Прошу в экипаж к старику.
В пристяжке мордатые "Волги"
Стоят уже все начеку.
И вот уж ни шатко ни валко,
Сверкая ободьями шин,
На шахту "Холодная балка"
Уходит колонна машин.
***
"Идет охота на волков,
идёт охота..."
Он вдруг умолк,
как задохнулся на бегу
Иль напоролся на невидимое что-то.
Сказал осипло: – Это – не смогу.
И тишь повисла в комнате, как вата,
В неё неспешно голос струн стекал.
Лишь у кого-то звякал виновато,
Дрожа на блюдце, выпитый стакан.
Его накрыл ладонью кто-то нервно,
Как будто тем пред гостем извинясь.
Пытаясь жестом вежливым, наверно,
Восстановить утерянную связь.
Но гость молчал.
И, вглядываясь в лица
Сидящих за столом директоров,
Решал, что лучше:
встать и извиниться,
Иль заявить, что просто нездоров.
Они сидели сдруженно и тесно,
В своём кругу, хоть круг и неширок
Тринадцать боссов угольного треста
Да гость случайный –
автор этих строк.
Ох, этот гость! Частенько он – Иуда.
Его всегда смущало слово "гость".
Коль не сказали, кто он и откуда,
Без Комитета тут не обошлось.
Щеку поэта сводит нервным тиком:
"Ай да страна!
Житья от шпиков нет".
Что ж он со сцен
себя изводит криком:
Мол, в доску свой я, мол,
– не диссидент.
Но вот – не верят.
Ну и дьявол с ними.
Что гость оттуда –
свыкнуться пора.
Ему б лишь этим
не подставить спину
И отработать честно гонорар.
Вон как глядят-то
барственно-хозяйски
И ждут, что будет, выдержку храня.
Так стая серых молча ждёт развязки,
Зажав в кольцо уставшего коня.
Хотя... Постой, какие к чёрту волки!
Ведь он и сам на жертву не похож.
Но отчего-то струны, как иголки,
Вонзились в пальцы,
просто невтерпёж.
Ну да, конечно!
Песня-то с намеком,
В ней не по волку бьют из винтаря,
А по нему – прицельно и жестоко.
Ведь волк – он сам. А эти – егеря.
Но как же часто жизнь меняет роли...
Он изучил все промахи зверей
И за флажки всегда уйдет на волю,
Оставив с носом псов и егерей.
...Он снял со струн
прокуренные пальцы,
Потёр щетину крепко, по-мужски.
– Ну что вам волки –
серые скитальцы?
У вас свои запретные флажки.
И стол ожил, качнулся влево-вправо
И загудел неслаженно, вразброс:
– Уж это точно!
– Как приметил!
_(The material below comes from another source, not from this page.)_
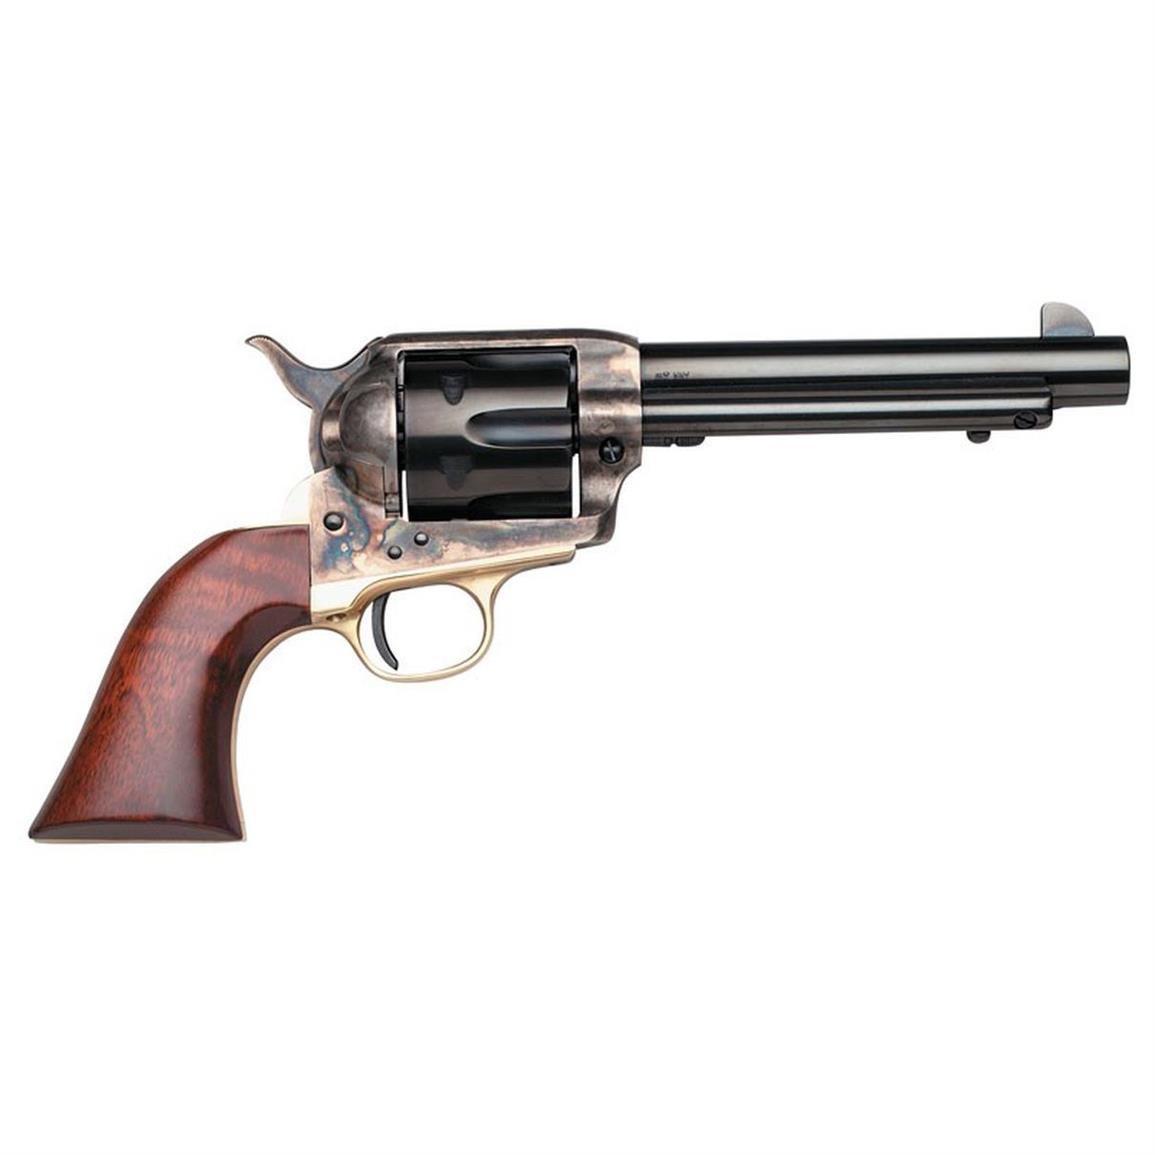 Taylor's & Co. Uberti The Ranch Hand, Revolver, .357 Magnum, 440, 839665009963, 4.75 inch Barrel

Браво!
– Да ты, брат, с перцем!
– Стрелянный...
– Непрост...
Встал Белохвостов:
– Слушай-ка, Володя!
Мы не Пилаты, ты – не Иисус.
Нас не смутила б песня об охоте.
Её и так мы знаем наизусть.
У нас свои запреты и оковы,
И в наши души кто только не лез.
Любой из нас, как серый,
офлашкован:
Кто прокурором, кто – ОБХС.
Но есть над всеми егерь и покруче.
Вот ты о нём, избави Бог, не пой.
Побереги себя на всякий случай.
И спой-ка нашу, – ту, что про забой.
***
"Взорвано,
уложено,
сколото
Чёрное
надёжное
золото."
...Строки, до боли знакомые,
Голос – надтреснутый бас
Остро вонзаются в комнату,
Будто вгрызаются в пласт.
Гриф обнимает он ощупью,
Круглой подковой – спина.
С виду – фигура забойщика,
Перед которым стена.
Взмах над гитарой, – и сходу он
Резко отвёл локоток,
Словно бы в жилу породную
Острый навёл молоток.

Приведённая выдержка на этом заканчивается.